Scopriamo Stefano Pelaggi, che con il suo libro Emigrazione italiana e colonialismo in America Latina, un testo incentrato sui tentativi del Regno d’Italia di coniugare i flussi migratori con le esigenza della politica estera e commerciale della nuova nazione. Accompagniamo lietamente Mario Fratti, che continua a stupirci con le sue opere e con i graditi successi a Broadway. Impresa difficile se non praticamente impossibile anche per i più bravi americani, ma non per il nostro abruzzese cult, ormai nell’olimpo del teatro, che peraltro continua a sorprenderci con due generi letterari diversi dalla drammaturgia: il romanzo e la poesia.

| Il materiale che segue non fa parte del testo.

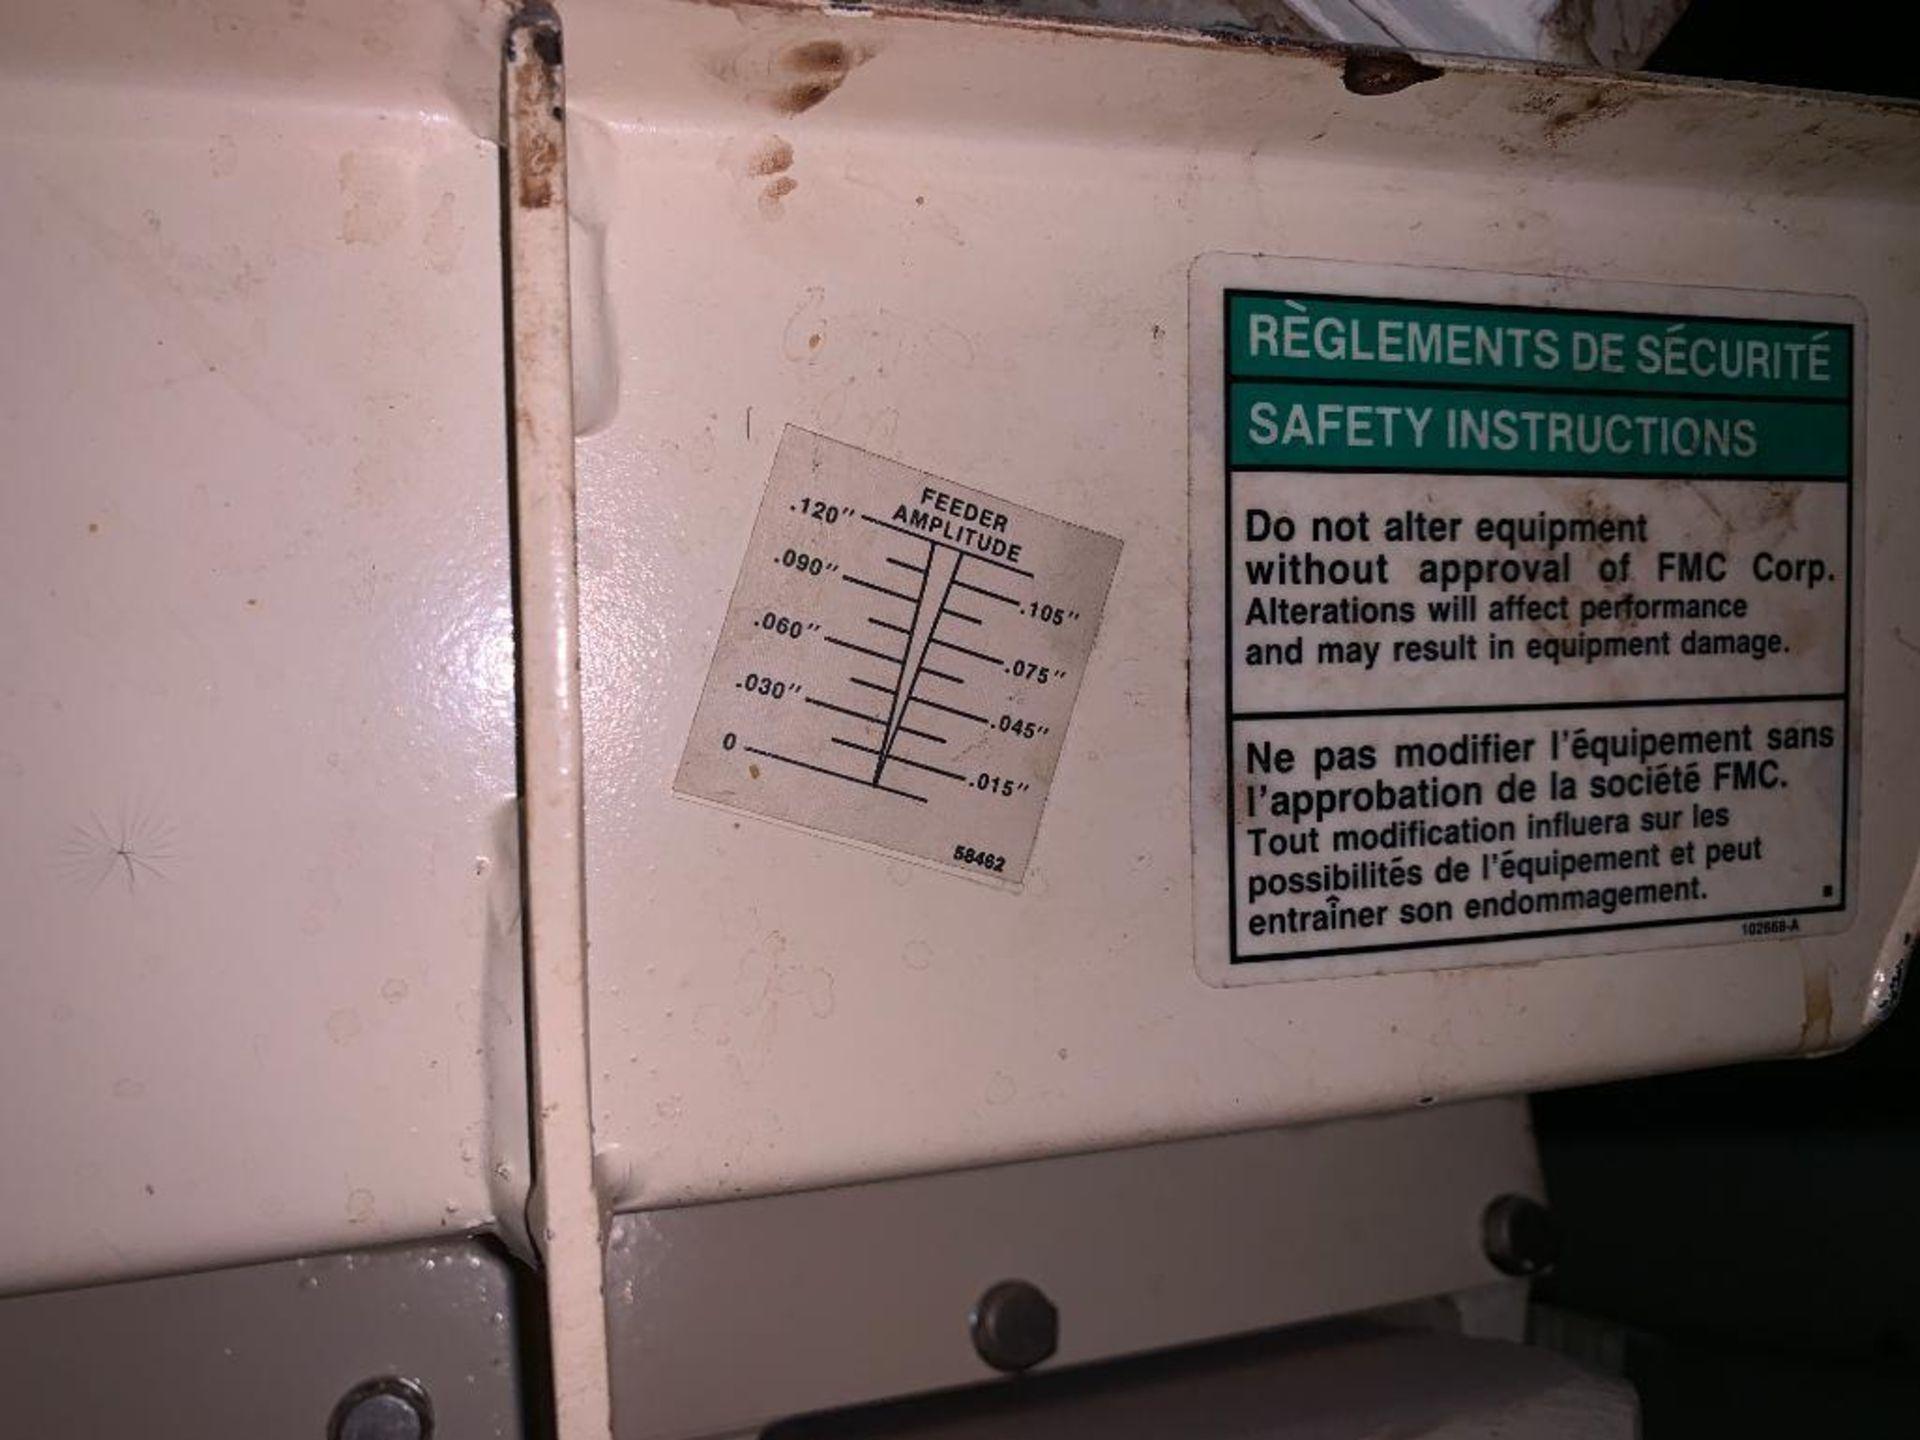 Aseeco mild steel cone bottom bulk storage bin - Image 25 of 25

E qui dovrei aggiungere anche le tante notizie su presentazioni di libri, mostre d’arte, cerimonie di premi ed omaggi, aperture di centri culturali e sportivi, per concludere con le tante manifestazioni di amicizia che valorizzano la presenza degli emigranti abruzzesi nel vivo tessuto delle proprie comunità. Piccoli miracoli, raccontati come fioretti preziosi di operette morali, che illustrano viaggi della speranza in terra straniera riportati in Italia e poi diventati storie di successo, tutto nell’arco d’una generazione, passando dall’essere malvisti e discriminati fino a stare nei Parlamenti e nei Governi delle Nazioni, in settori importanti della società e della cultura, fino a diventare anche capitani d'industria, come avvenuto per la più grande industria automobilistica italiana nel mondo.
    
Sono modelli d’eccellenza che trovano sbocco in personaggi trainanti che permettono lo sviluppo economico, politico e sociale delle nostre comunità. Come un fitto dialogo tra un contesto ricco d’orizzonti promettenti ed emergenti ed uno a volte ripiegato sulla propria austera ma sempre elegante indole storica, questo libro di Goffredo Palmerini rivela una comune ansietà contemporanea riguardo quei problemi d’identità personale, d’identità etica e infine d’identità nazionale che si erode in un mondo sempre più divorato dal consumismo e dall'indifferenza.

Palmerini, in questo libro, racconta sia l'abruzzese emigrante sia l’abruzzese che non ha mai varcato la frontiera, ma che entrambi conquistano il successo con le proprie imprese, che possono anche sembrare momenti di redenzione personale ma non di riscatto. La propria dignità l’abruzzese non l'ha mai persa; non ha mai dovuto ridiventare italiano o abruzzese nel mondo, perché questo sentimento intimo non si è mai affievolito.

La missione di Goffredo Palmerini - e non a caso la definisco missione - è invece centrale e maestra. Dando voce a chi non l'aveva, fa capire a chi non ci ha mai pensato o a chi ha facilmente dimenticato, che esiste un fitto arazzo di personaggi e situazioni, di comunità ed eventi che varcano i confini di quell’Italia brava gente che è rimasta a giocare in casa. Questo suo giornalismo ricco di curiosità e desiderio di conoscenza varca frontiere invisibili, creando un mondo virtuale pulsante di chiarezza e nettezza, al di là del solito reportage colonialistico di osservatore colto, per diventare invece un tramite di colloqui vivaci e di reciproco rispetto. E per questo, da Italo-Americamo con l’Italia nel cuore, io non posso che ringraziarlo.